賣藝人說書唱曲的賺錢手段之一,就是讓其他人記住他們所講的內容,並且傳播得越廣越好,那麽,如果單純從記住內容並且傳播內容的角度去考慮的話……
其實不需要說書賣唱也可以達到這樣的目的。
烈閻猛地一拍大腿,為自己的靈機一動頗為自得。
但不過數個呼吸時間,他的臉色卻又跨了下來。
看這幾本書是手寫而不是印刷的情況,恐怕司衙內也沒敢大張旗鼓去搞,手頭上也沒有多餘的存貨。
又低頭思索了片刻,他再啪地一拍大腿,暗道那也不打緊,真要躲不過去,他完全可以自己偷偷印上一批書了事。

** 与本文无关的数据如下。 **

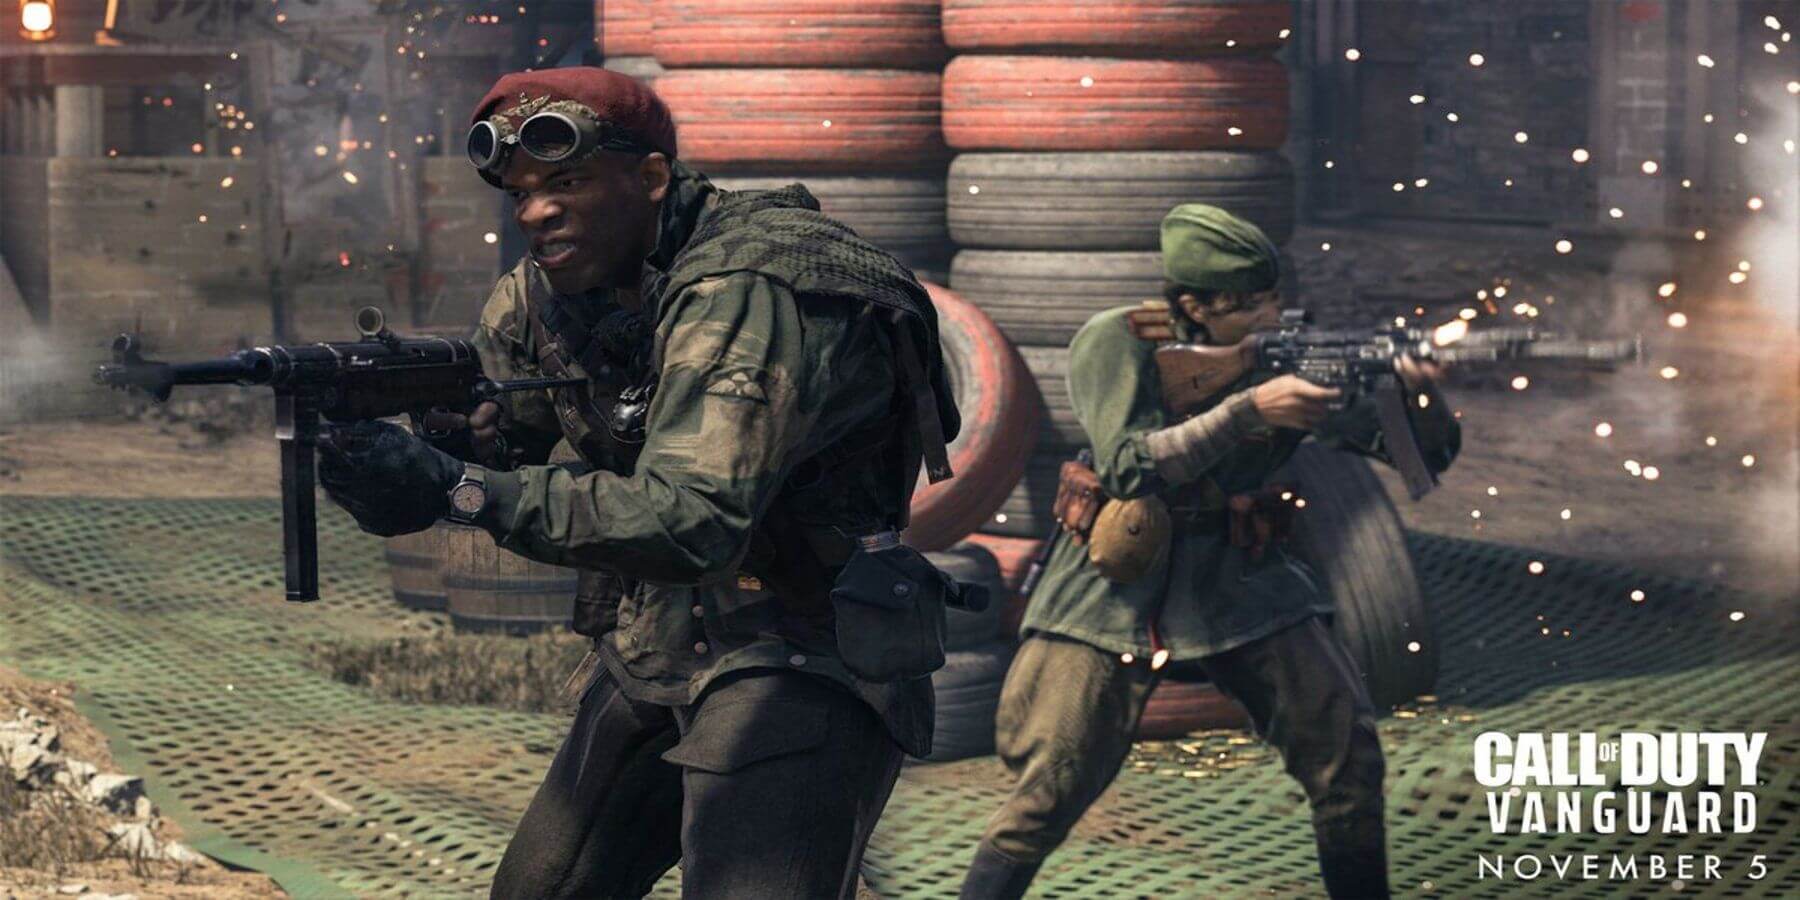 Call of Duty: Vanguard characters fighting in battle
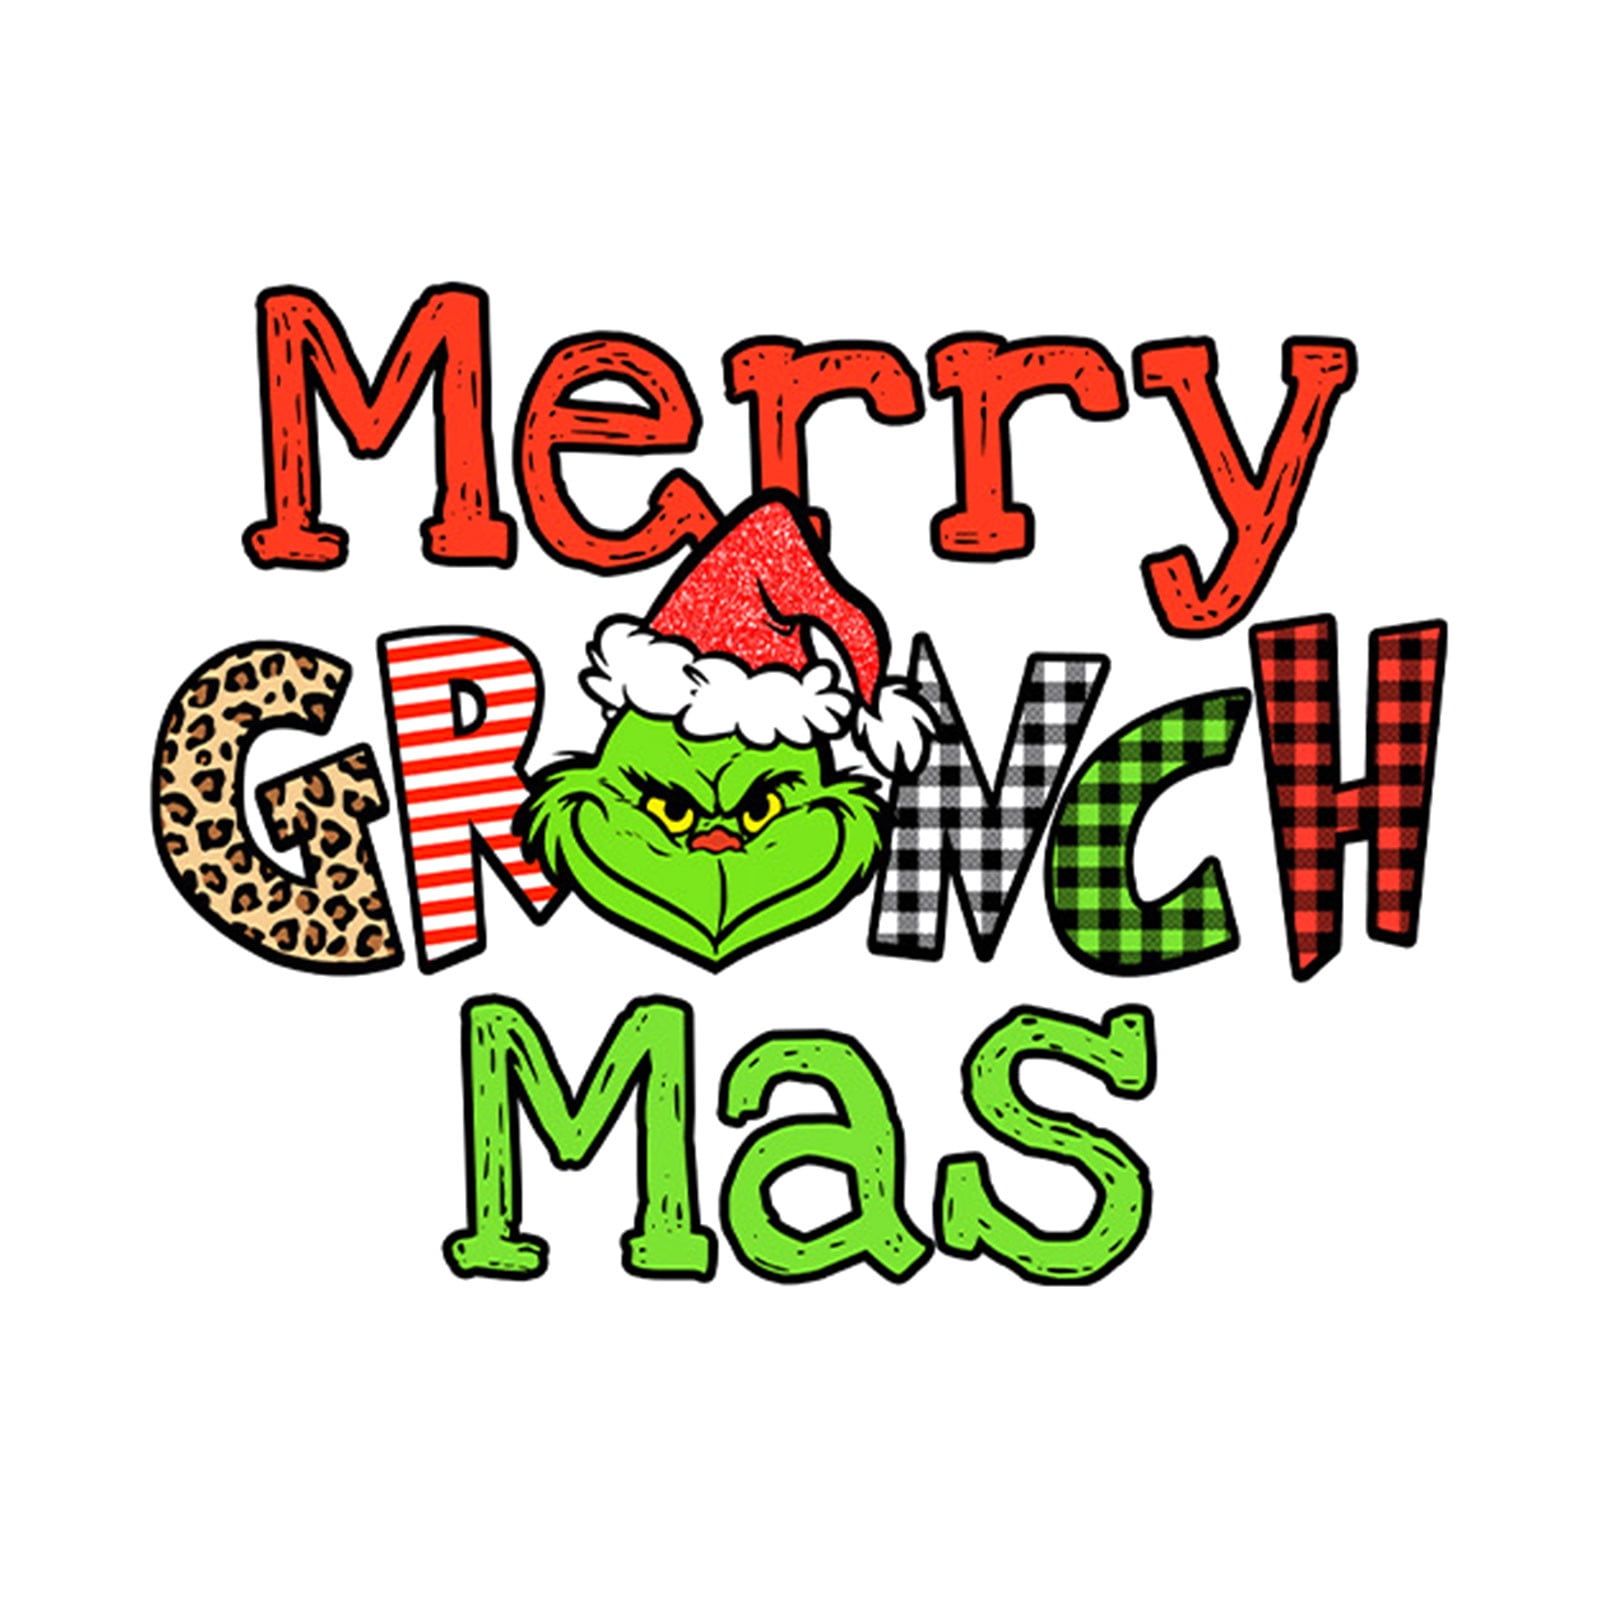 Grinch,grinch Christmas Decorations,Grinch Decor,Christmas Iron on Transfer Heat Transfer Design Sticker Iron on Vinyl Patches Iron on Transfer Paper

安全起見,在印書的時候他還可以做些文章,首先把所有紅衣和顧生的字樣留白,再把每本書都分開,頁數打亂,分送到其他郡城不同的地方去印,那樣即便是印書的人,也不知道自己到底在印些什麽東西。
最後再讓心腹把印好的雜亂無序紙張運回來,他自己辛苦一點,熬上幾夜,用字模把那些缺失的名字補上,把書頁順序調好,找個夜深人靜之時丟到那些茶館酒肆和書生小姐家門口就是了。
想到就做,烈閻當即鋪開紙筆,寫了一封密信出來。
他剛準備去喊心腹過來把密信送走,一拍腦門卻又憋了回去,直接把那封信撕碎丟進了火盆。
不著急,一定要慢慢來。
既然準備先用一用拖字訣,這信啊,也就不需要那麽著急去送了。
還是等上麵又問起來的時候,再說吧。
顧判一夜未眠,早飯時候旁敲側擊問了一下老夫婦昨夜睡得如何,有沒有聽到什麽奇怪的動靜。
老夫婦一臉茫然地搖頭,直說睡得很好,他們年紀大了耳背,什麽都沒有聽到。
顧判點點頭,不再多言,幾口喝完了粥飯,放下一點銀錢讓老夫婦出去買菜,自己則換了身衣服來到街上。